The American Canyon Society (ACS) is a fictitious name for a real organisation. It is not departing too far from reality to say that its mission is to circulate scientific and historical information about the canyons of America. The ACS publishes a quarterly journal about its field of interest. It also sponsors a series of symposia for scientists and outdoor enthusiasts. The journal was initially a black-and-white affair with little original content. In recent years, a new editor took over and turned it into a handsome, colour magazine with original contributions from writers who donate their time. The cost of the journal has vastly exceeded its budget. Culture.
The American Canyon Society is in a quandary about how to make ends meet. It has decided to raise membership dues, its sole source of revenue. Whenever a financial crisis threatens, the ACS always raises its dues; like a government, it reflexively “increases taxes.” As it happens, one of my colleagues sits on the ACS Board of Directors and has presented a development plan for soliciting foundation and corporate support, and individual donations to finance a number of modest initiatives. Some of the board members are intrigued. The President of the ACS, however, does not want to engage in outside fundraising because he is afraid the organisation “will lose its independence”.
The dilemma faced by the ACS is essentially:
(a) it is living beyond its means
(b) the new editor of the journal should observe budgetary constraints
(c) it should not contemplate new initiatives until the journal is made solvent
(d) none of the above
If you answered “none of the above,” you’re right. The problem with this organisation has nothing to do with the cost of its journal.

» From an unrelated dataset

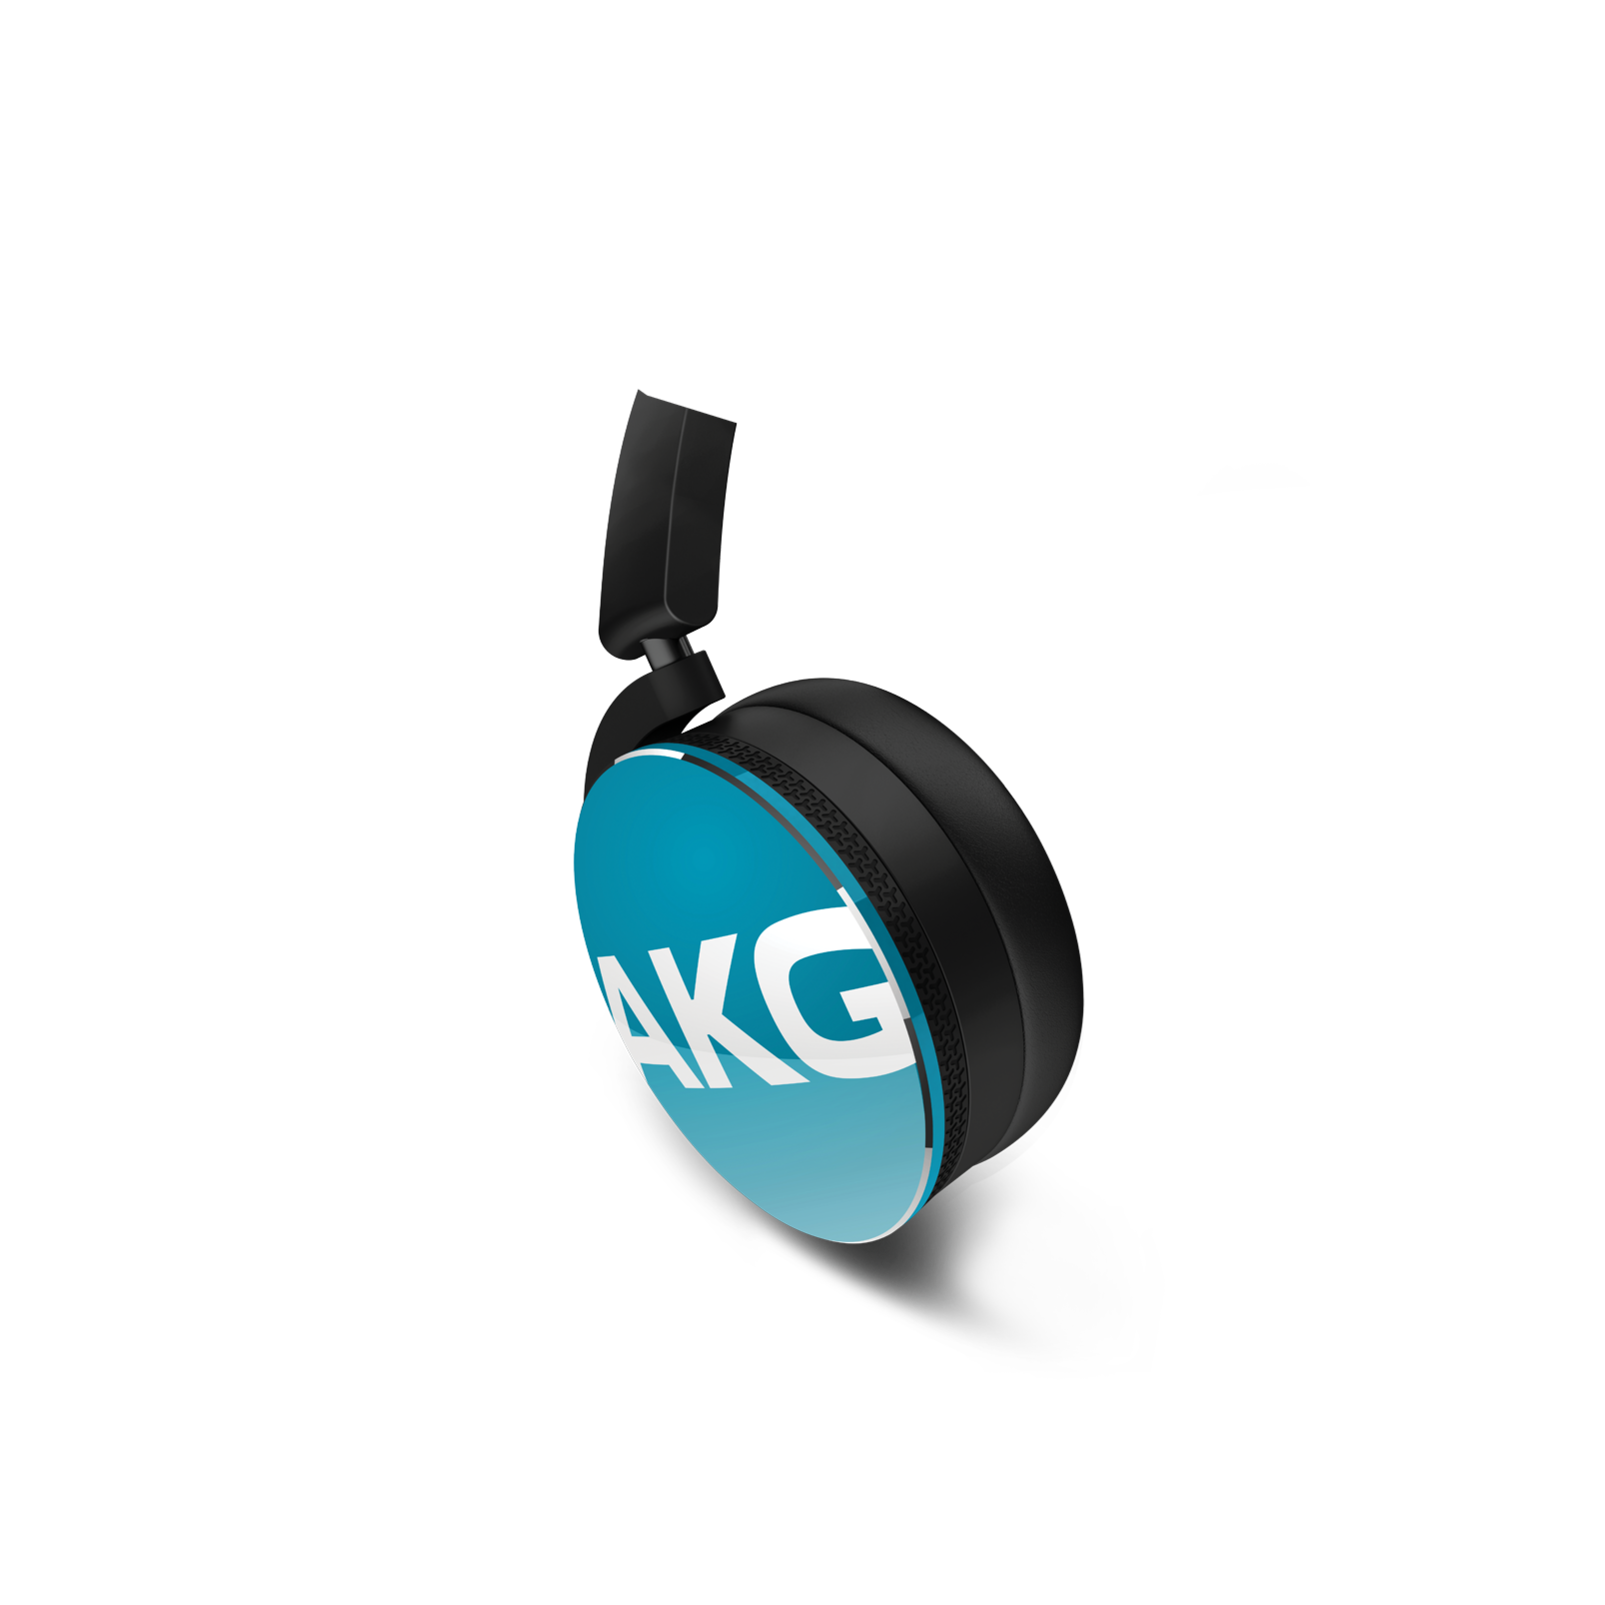 Y50 - Blue - On-ear headphones with AKG-quality sound, smart styling, snug fit and detachable cable with in-line remote/mic - Detailshot 1
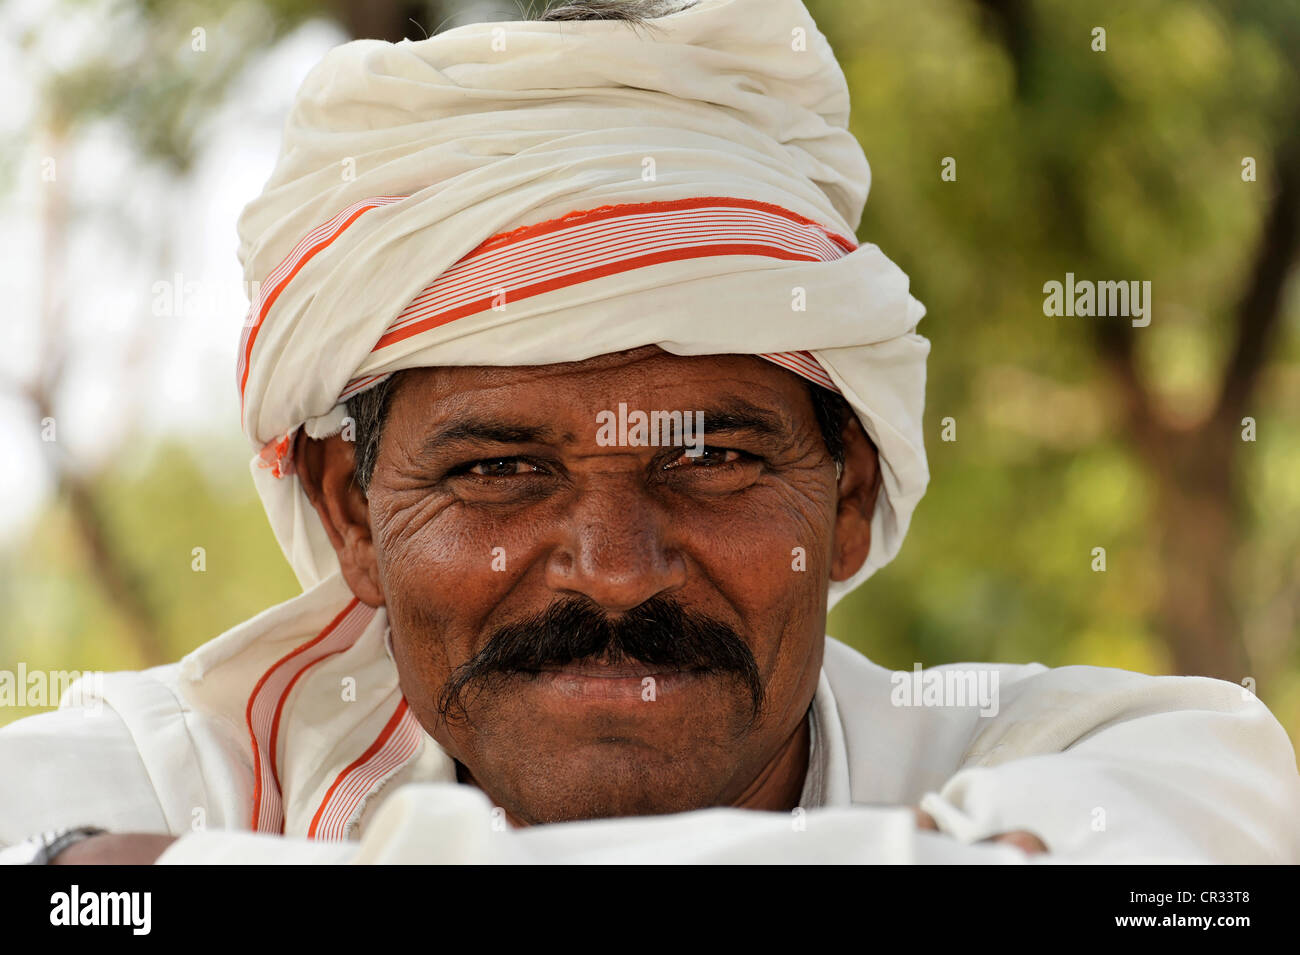 Uomo indiano, camel driver, ritratto, Kalakho, Rajasthan, Nord India, India, Asia del Sud, Asia Foto Stock

It has everything to do with the culture of the organisation.
Why Organisational Culture Is Critical
To understand the critical role of organisational culture, stop and think about this: Nonprofit organisations are seeking to realise a vision of a better society. Yet most nonprofits in the United States have organisational budgets of less than $250,000 and never grow past this threshold. It is painfully evident at present, during an economic downturn, how revenue shortfalls prevent organisations from achieving their visions. But even at peak phases of the business cycle, the nonprofit sector is grossly undercapitalised. One reason among many for this is that in certain cases an internal factor stops the organisation from raising more revenue and effectively stunts its growth and thwarts its vision.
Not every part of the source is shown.